A Stem-Cell Research Pioneer
Professor Austin Smith, 42, is the director of Edinburgh University's Institute for Stem Cell Research, which is recognized as a world leader in this promising new area of science. Stem cells, taken from embryos, are the basic building blocks from which tissues and organs grow. These pluripotent cells, whose development potential hasn't been fixed, have the potential to revolutionize medicine by offering ways of repairing diseased and damaged body tissues.

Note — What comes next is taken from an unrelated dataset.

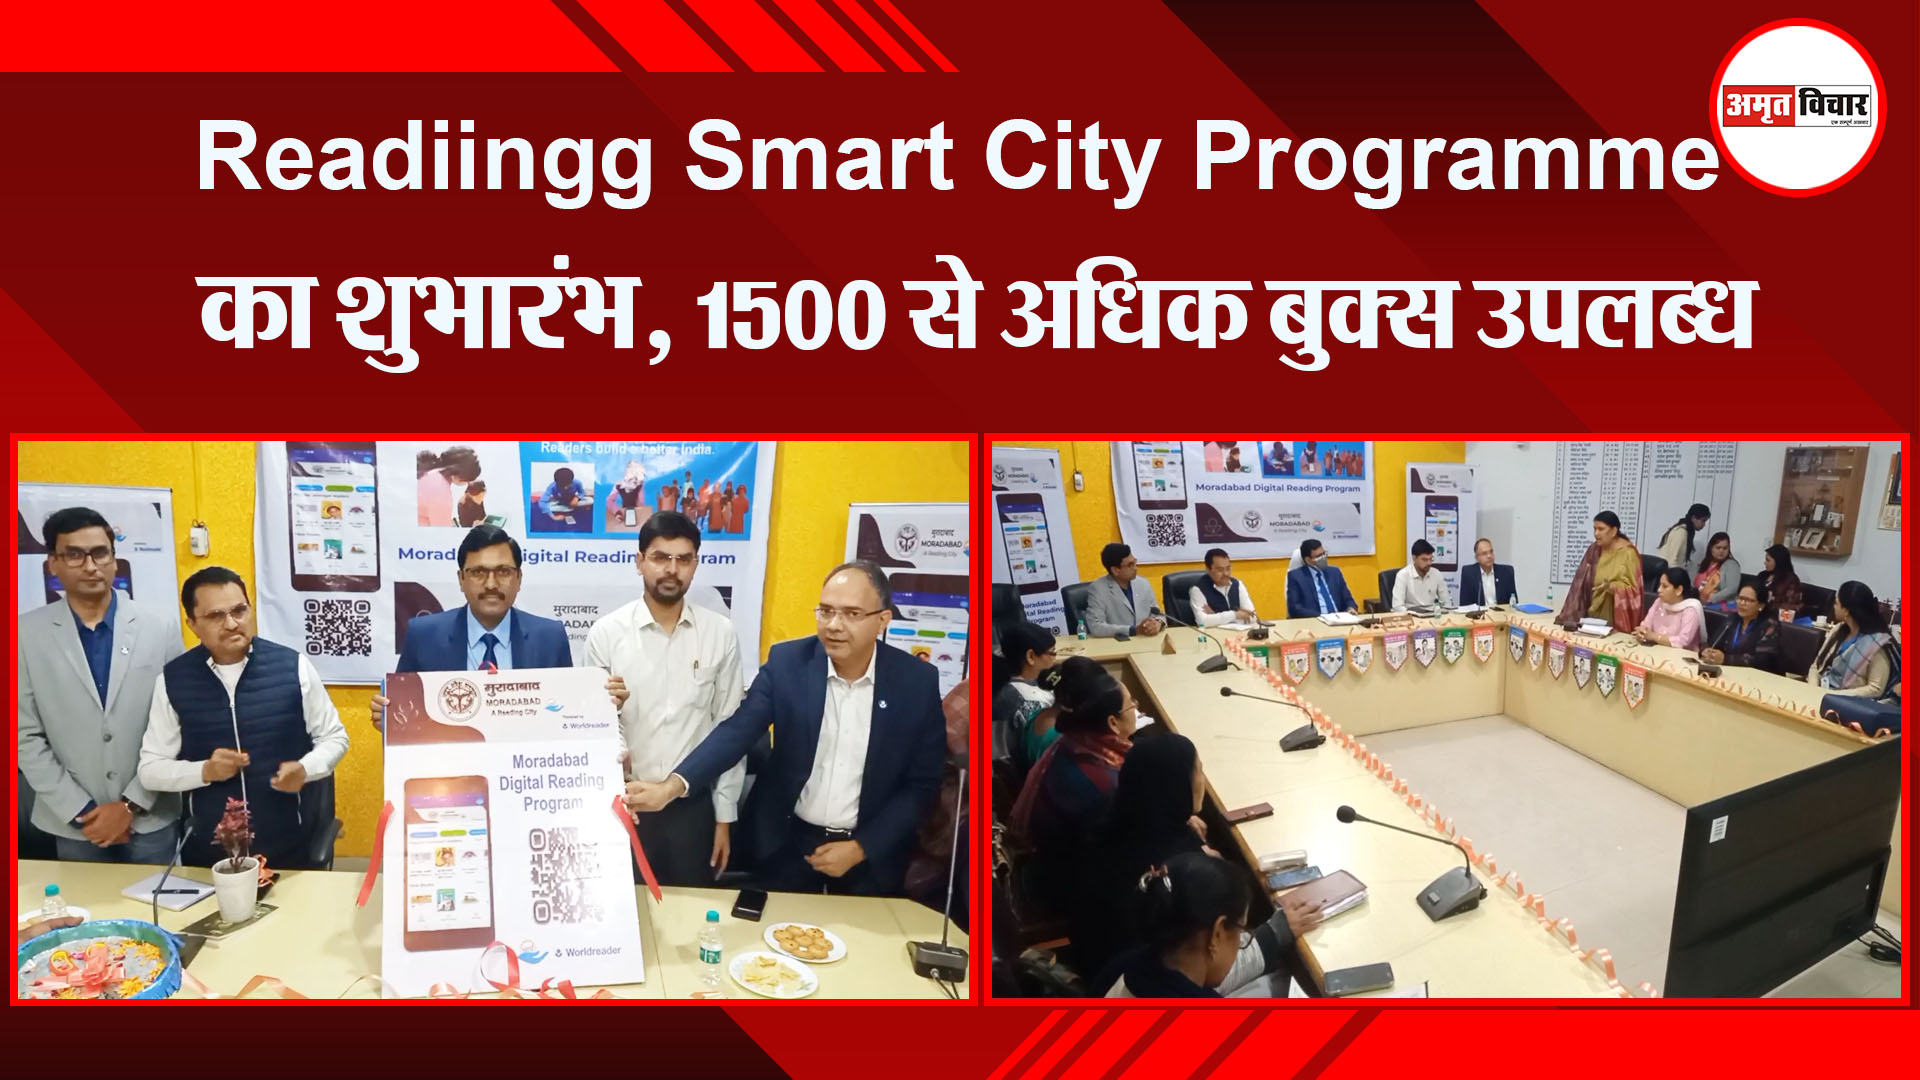 मुरादाबाद: Reading Smart City Programme का शुभारंभ, 1500 से अधिक बुक्स उपलब्ध
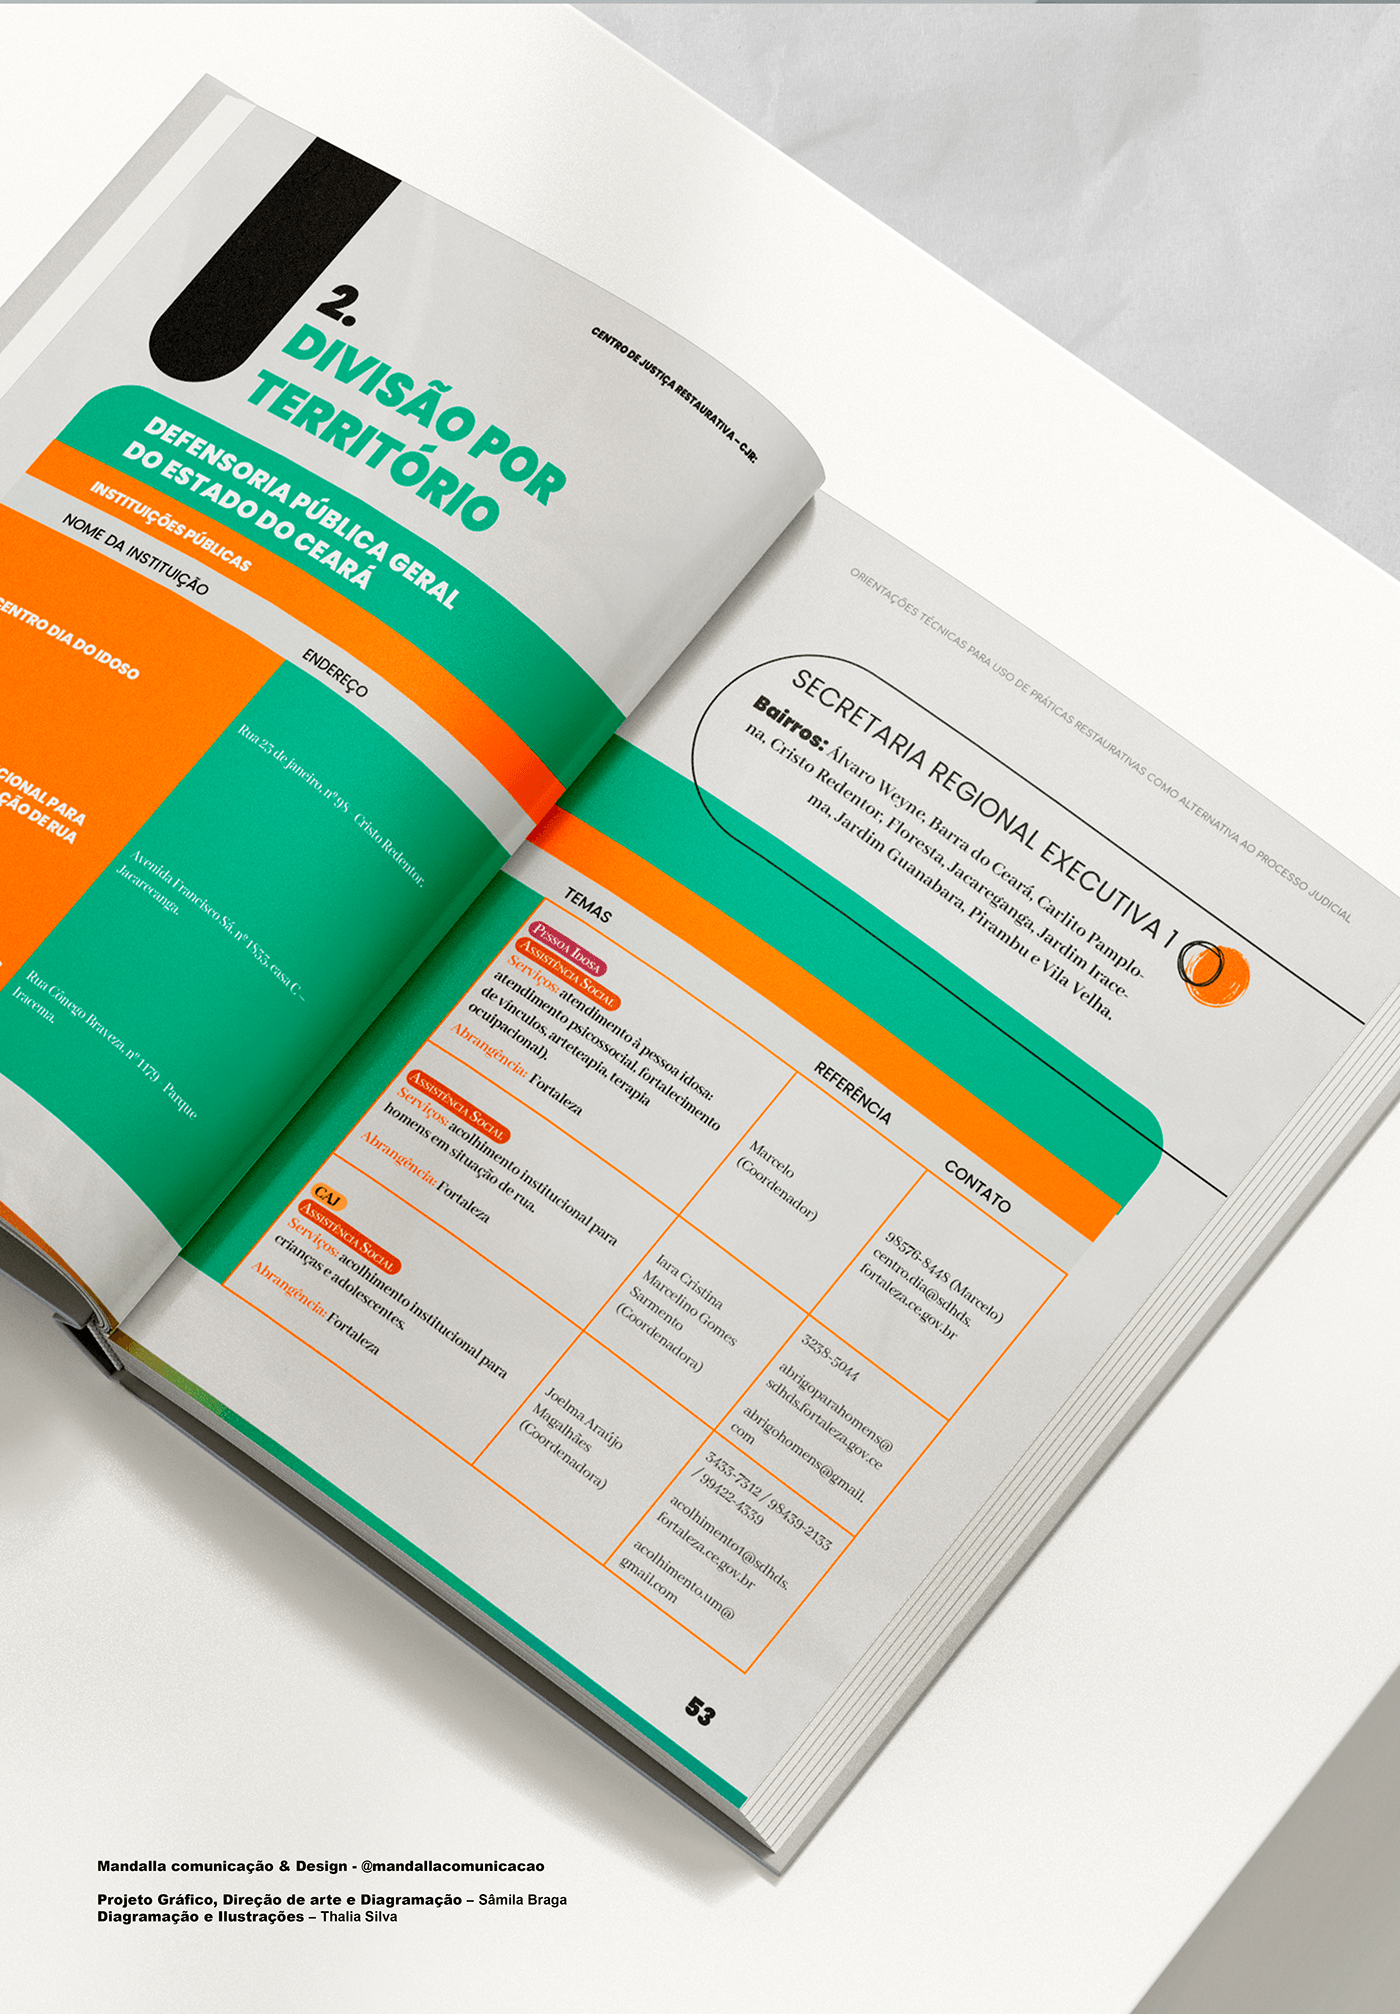 Ilustração design gráfico diagramação editorial design design editorial Livro Capa book editorial design

Born in Liverpool, Smith is Britain's top expert on stem cells. The country has the world's most advanced and progressive policies on research using human embryos. In its 1990 Human Fertilisation & Embryology Act, the British government introduced legislation to legally permit research on embryos for specified purposes, such as treatment of infertility. In 2001, regulations were amended to allow for therapeutic cloning to investigate embryonic development and improve treatment and understanding of serious disease.
Scientists in Britain need a license from the Human Fertilisation & Embryology Authority (HFEA) to work with human embryos as a way to derive new cell lines. One of the requirements for a license is that any cell lines derived from the research must be deposited in Britain's stem-cell bank.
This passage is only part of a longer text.